The UNHCR is helping them with training, and to get work, so that they can look after themselves as far as possible. They are free within Malaysia's borders, but mostly lack travel documents to go beyond.
Malaysia's high commissioner to Canberra, Salman Ahmad, said on Sunday that although his country was not a signatory to the UN refugee convention refugees in Malaysia were treated with respect and dignity. He said that while the 800 asylum-seekers to be sent from Australia under the plan would not be placed in detention they would be contactable and monitored by authorities.
Small numbers of asylum-seekers or refugees in Malaysia have come from Afghanistan, Iraq, Somalia and Sri Lanka, almost all by plane.

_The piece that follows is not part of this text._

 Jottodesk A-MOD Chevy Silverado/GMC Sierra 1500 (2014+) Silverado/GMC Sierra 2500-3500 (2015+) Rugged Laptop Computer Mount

But 92 per cent of them are from Burma. Most of these people have come overland through Thailand with the assistance of people-smugglers.

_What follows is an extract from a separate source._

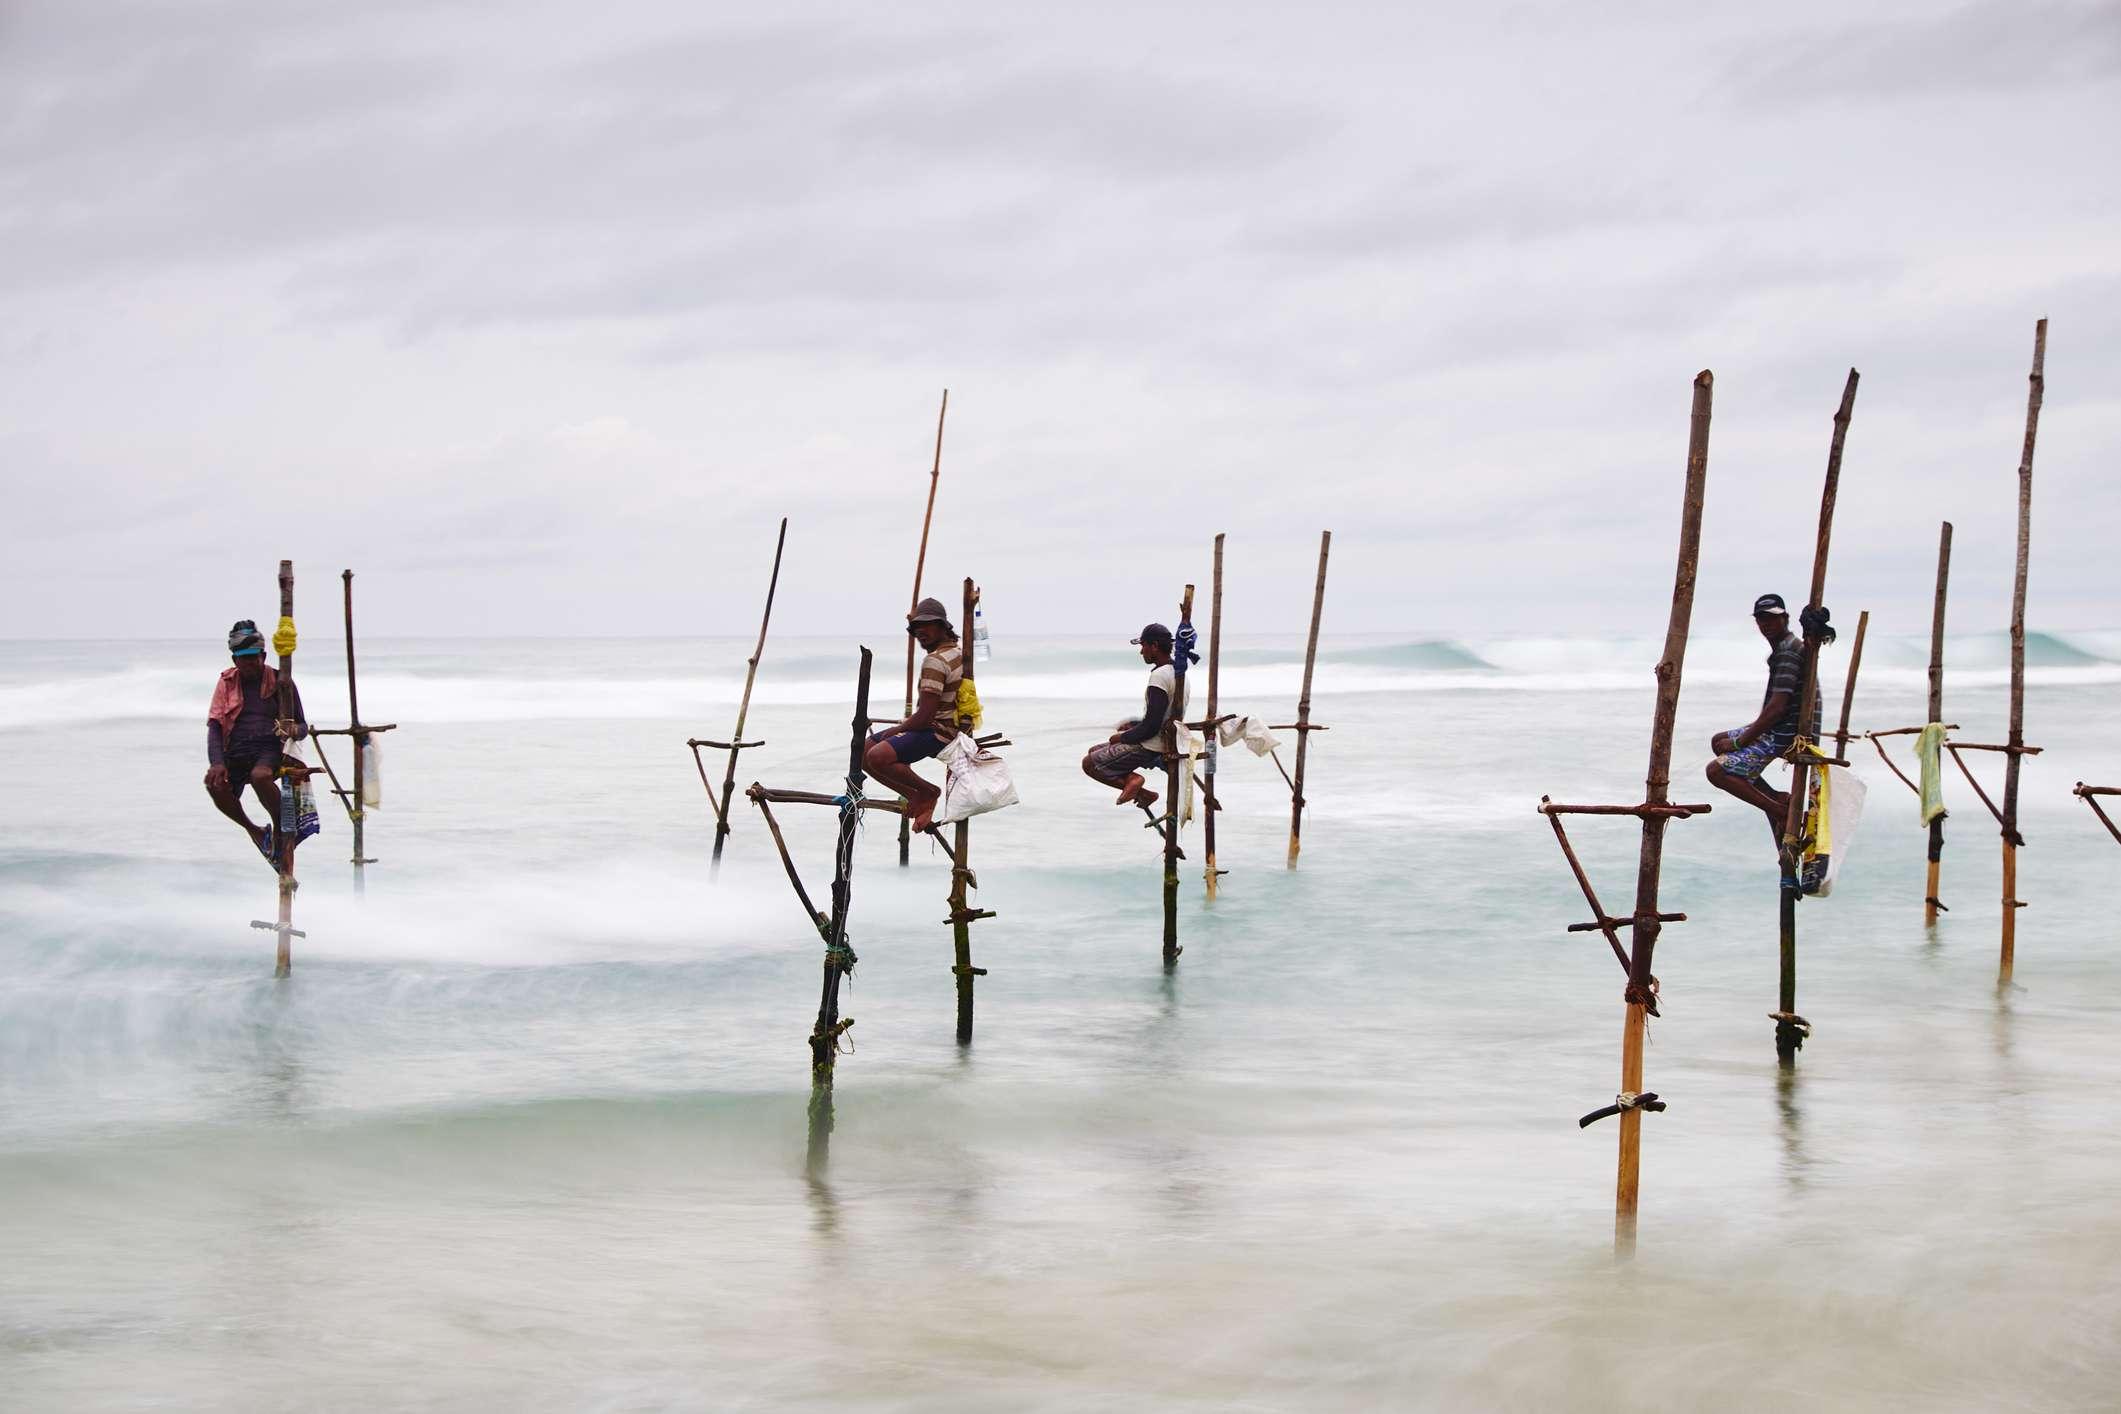 Stilt fishermen on the south coast of Sri Lanka, on Weligama beach, at dusk.

About 73,000 of them have already been assessed by the UNHCR as refugees, and are awaiting resettlement in third countries, with the alternatives being to return voluntarily to a Burma now run by a civilian government or to become "locally integrated" -- a less likely outcome.
They have escaped Burma for a range of reasons, including constant warfare between the army and hill tribes, and the persecution of regime opponents. They come from many areas of Burmese society, however, the biggest groups represented are Christian Chin (about 36,000), Muslim Rohingya (20,400), Burmese Muslims (9400), Mon (3900) and Kachin (3400).
Amnesty International Australia's refugee spokesman Graham Thom said yesterday that though they lived in the community they had no legal status so were frequently rounded up as part of regular clampdowns on the two million illegal foreign workers believed to be in Malaysia, alongside the two million legally in the country.
That was how asylum-seekers came to be in detention centres, where conditions had been condemned by Amnesty.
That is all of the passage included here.